With a nod and gesture towards the direction the party should take, Dael began wending their way through the underbrush towards the rail line. “Do we need to get in touch with the rest of the away team ma’am, or should we carry on and tell them where to meet us? A little extra weaponry might not be the worst idea…”

“With all the chaos, I suspect it might not be the worst idea.” Reaching for her classic communicator, Paris snapped her fingers as she realized that she left it with the Commodore. Tapping the wrist comm, she encrypted the signal, then sent a text message to the Thor to be prepared to dust off the away team at the spaceport by coordinating with Lieutenant Commader sh’Zoarhi. When the spaceport mission was complete, Paris ordered the Thor crew to ferry the other half of the landing party to the main temple in 18 minutes. Since Hera’s chariot fleet was supposed to be taking off in 13 minutes, and if the other away team did not succeed, the Thor already had their orders to destroy the spaceport with extreme volcanic prejudice.

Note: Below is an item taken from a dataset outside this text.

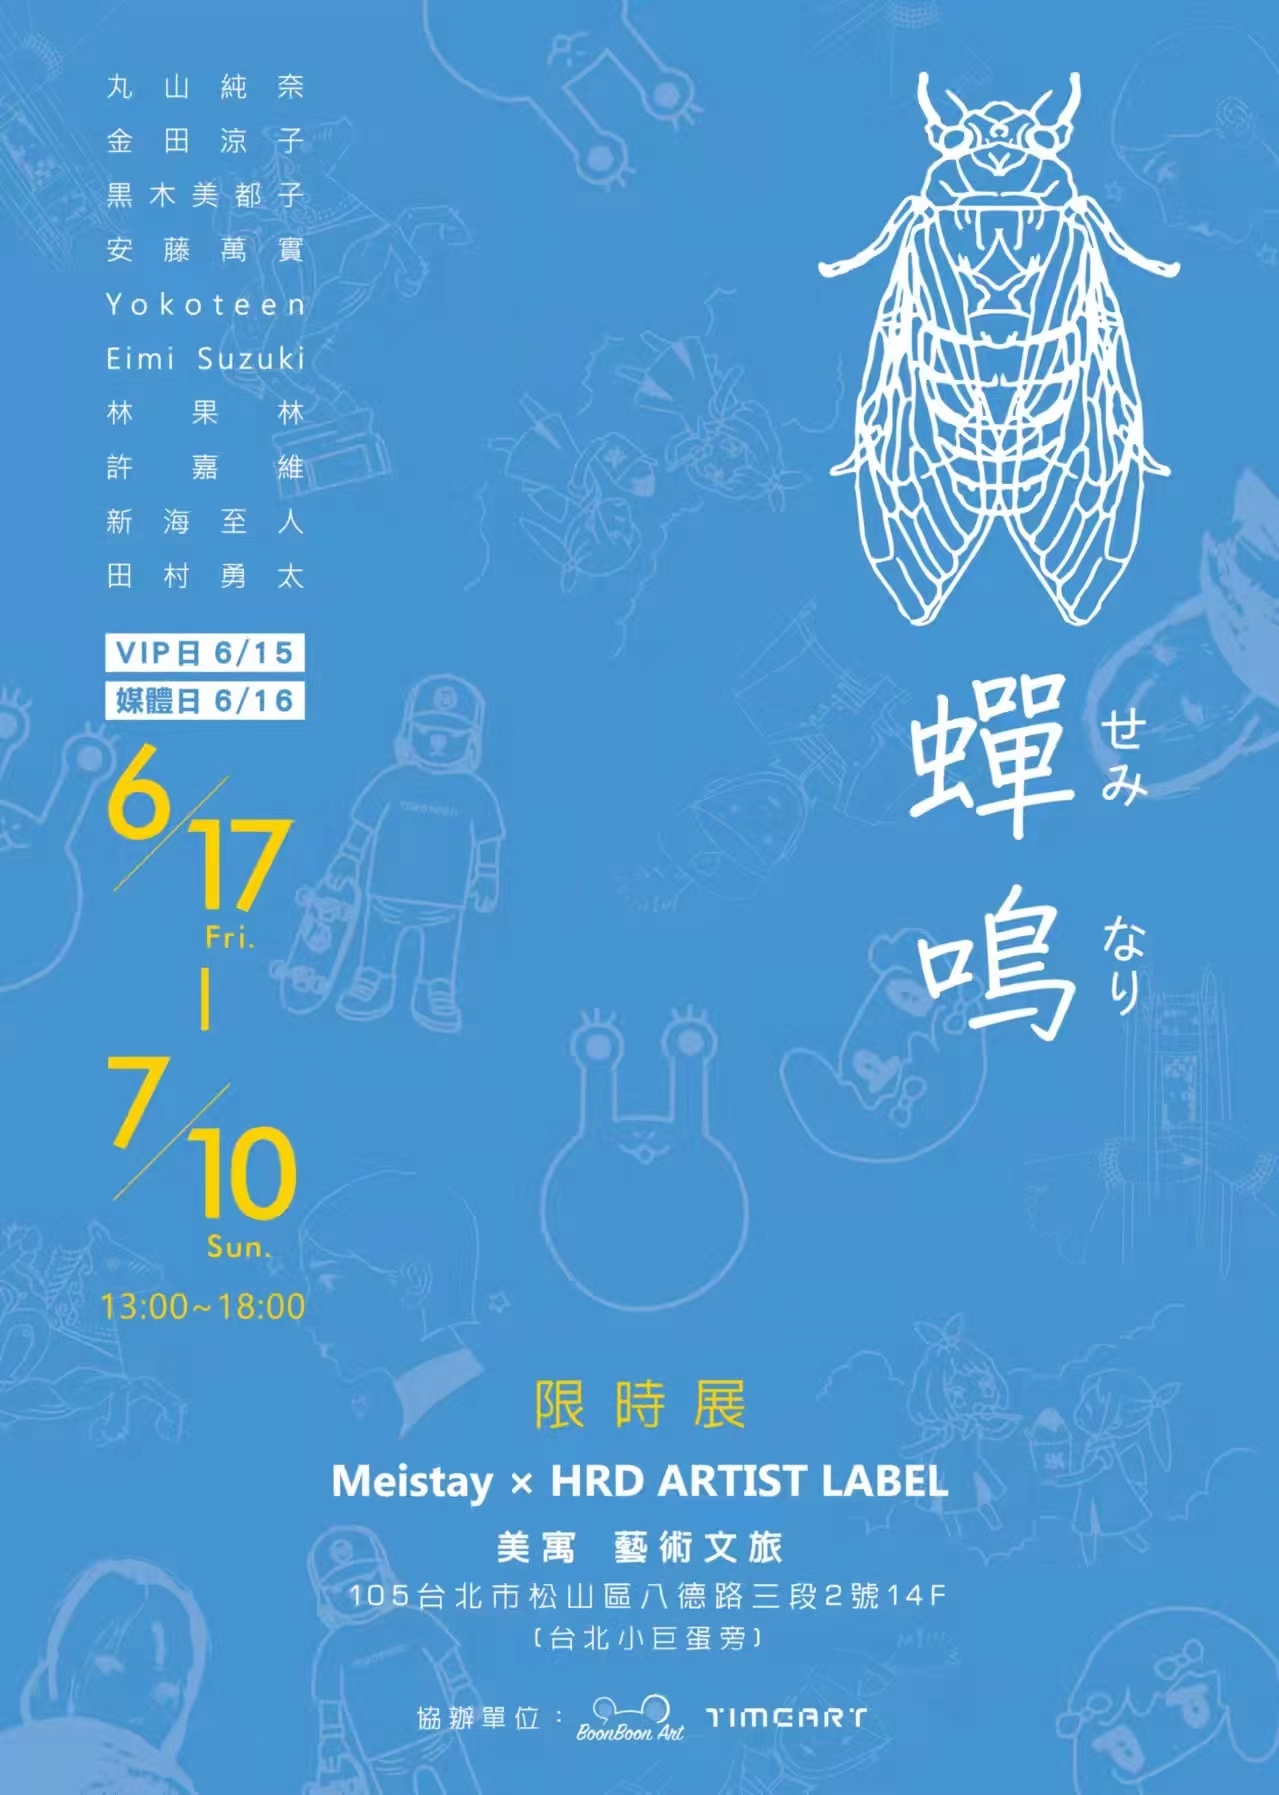 日本の若手アーティストの展覧会「蝉鳴(せみなり)」を
台湾・台北市のホテルにて6/17～7/10に開催 – Net24

Glancing back up, weariness tried to settle in, as shock over the day and the attendant adrenaline had their way with the explorer of another age, thrust into combat with myths older than she was. Seeing the expectant and vulnerable face of the young immortal and the impassive expression of the alien scientist, Paris drew herself upright, took a deep breath and nodded to them both, her exterior the soul of confident command.

“Last leg of the journey, people. Let’s go make a house call on a cranky immortal who really should have learned better people skills by this millennium of her life. Shall we?” With that said, Paris set off in the direction of the base of the tram system the Doctor had located, which would enable them to make an unconventional approach to the tyrant’s lair.